Ask HN: Why aren't most non-programmers interested in vibe coding?
7 amichail 17 5/7/2025, 4:26:50 PM
It's like an amazing magical power has been unleashed, and yet few non-programmers want to take advantage of it.
You would expect most non-programmers to at least want to make their own games.
I skipped the regular CS requirement as an undergrad because I'd been coding since I was 9 in BASIC and Assembly and Turbo Pascal and C and it would have been silly to take another Pascal course like the one I had in high school. I wound up taking 1-credit courses in C and TeX instead from John Shipman [1] [2]
There was a time though when I was helping out a friend with CS 101 and we decided to try to steal somebody else's code. Well, finding a home directory which had been
was not hard at all but the program that we stole didn't work properly and we had to spend time debugging and fixing it, not to mention changing things around a little so it wouldn't be obvious we stole it. Looking back though, I see this was better preparation for being a professional programmer since a professional programmer spends a lot of time fixing bugs in programs other people wrote. Vibe coding has plenty of that.[1] https://www.nmt.edu/news/2022/shipman-honorary-doctorate.php
[2] 1-credit classes with 3 credits worth of homework
How many novels have you written using AI?
How many art shows have you had from your ai generated art?
People ignore vibe coding for the same reason they aren't vibe writing or vibe art creation, because either they don't know they can do these things or they just have other interests.
Education and programmability. Schools have been chipping (extremely slowly, FAR too slowly) at the power of programmability of things. But where are we now? Few people program their calculator after school requirements. Few people write little programs for day to day tasks. More people do use spreadsheets (I expect with very minimal programming). For one thing, it seems programming is kept in math and programming classes, rather than use spreadsheets here and there in all classes?
But games? I don't see why non-programmers should want to make their own games. Good enough games are free to cheap - so why games? Games would be then just from the urge to create. I expect more people might want to create or alter clothes or create drawings, than games. Certainly no reason for "most people" to head into games development.
Why don't people make their own board games? Because it's not the programming part that's hard, it's the game design part, and some people have a creative impulse to do things and some people don't. A big part of the reason people don't becomes programmers isn't because they don't want to memorize all that weird syntax, it's because they don't want to sit inside a room, staring at a computer, writing programs.
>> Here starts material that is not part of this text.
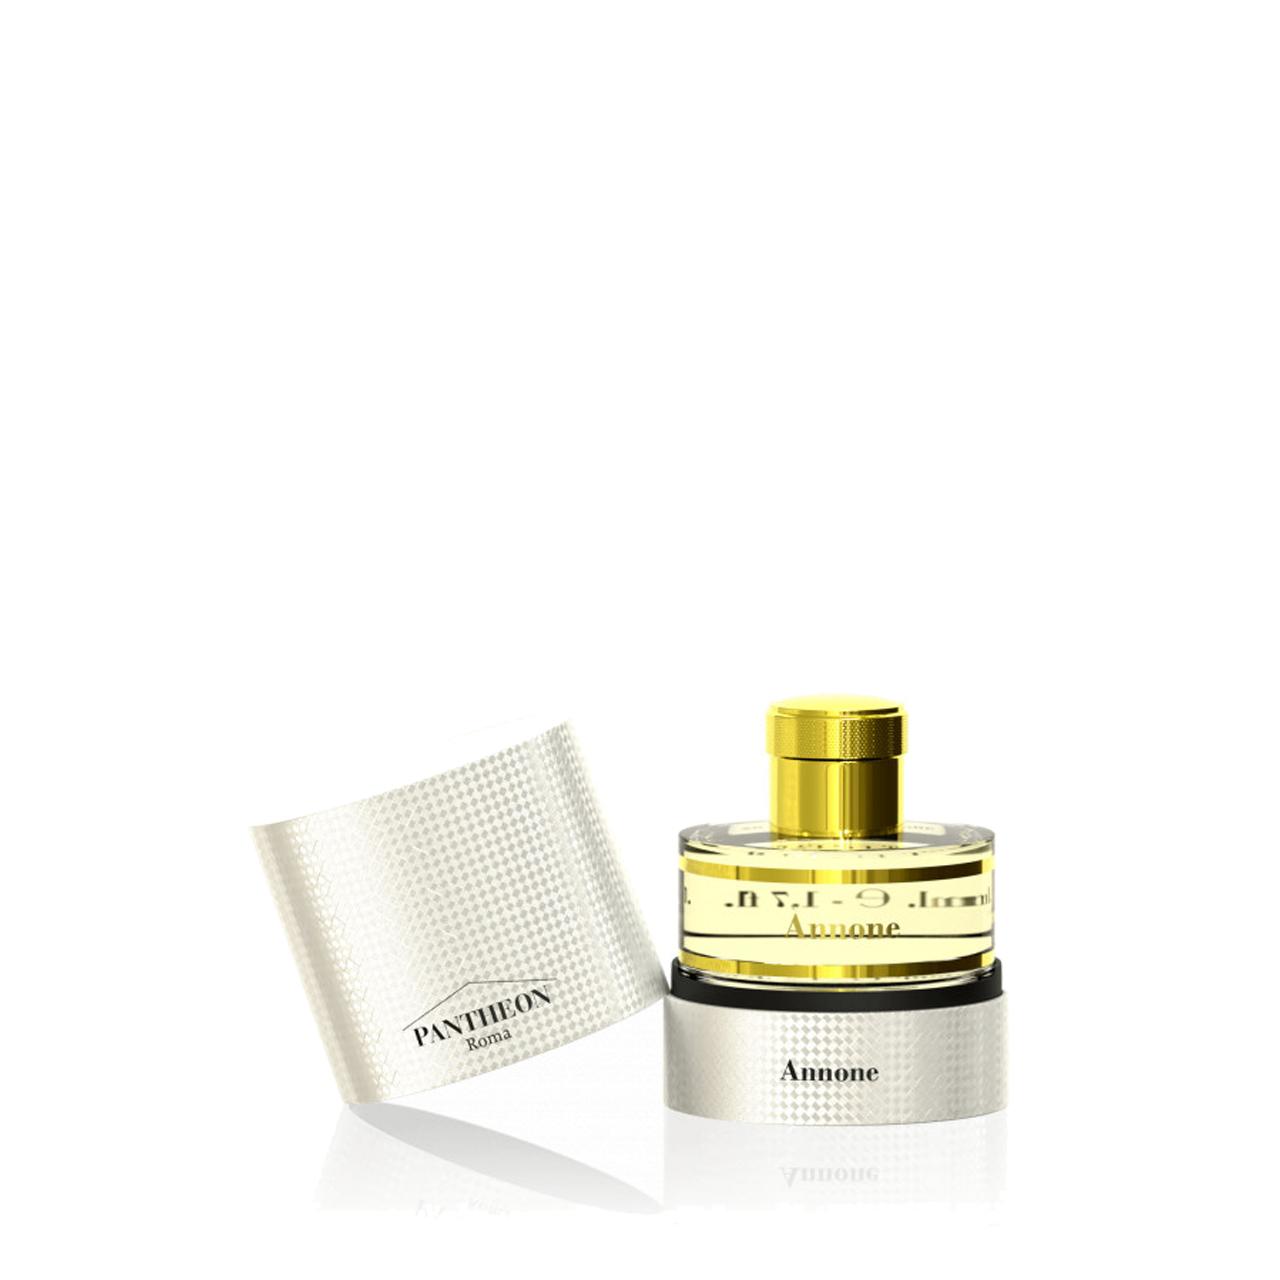 Annone - Extrait de Parfum

Within reason (there are some counter examples to this) but having to develop a skill to accomplish something can be a good differentiator into the kinds of people who will have the passion to stick with something and the kinds of people that don't. Sitting down to learn Python is the easy part, if you don't have the patience to learn python, you probably don't have the patience for game design.
Aren't there millions of responsible decision-makers who can't help but feel like there is too much software for too many things already, and could never imagine putting their nose to even the tiniest grindstone in the world just so they could add to the pile?
"non-programmers" comprising the entirety of the human race not currently engaged in computer science as a hobby or profession. No, most non-programmers don't want to make their own games. Most people on the planet have other interests and concerns.
Some "non-programmers" do want to make their own games, and they learn to use one of the many available game frameworks, and sometimes they even succeed.
I think the set of people passionate enough to want to make their own games, but also lazy enough to refuse to put in even the minimal effort necessary to learn how to do so, is small enough that all of those people are already "vibe coding" and, I mean, call me when any AI-generated game is actually worth playing.
For areas 'not focused exclusvely/around coding', takes a bit more time for things (experience, rules, resources, training, how 'new' fits in) to move into main stream. Libral Arts coding perspective : https://medium.com/@markguzdial/learning-to-program-matters-...
'time' tech example (concept: why can't AI cameras serve as traditional punch clock) : https://tcpsoftware.com/blog/time-clocks/
Historical -> requirement to take a class in formal logic as part of undergraduate degree (vs. more degree specific formal logic)
Vibe coding just helps those who are already technical but minus the tests, TDD, or architecture in software engineering which is completely against clean code principles and they don't care if the code is correct or not.
It's slopware engineering whilst celebrating technical debt.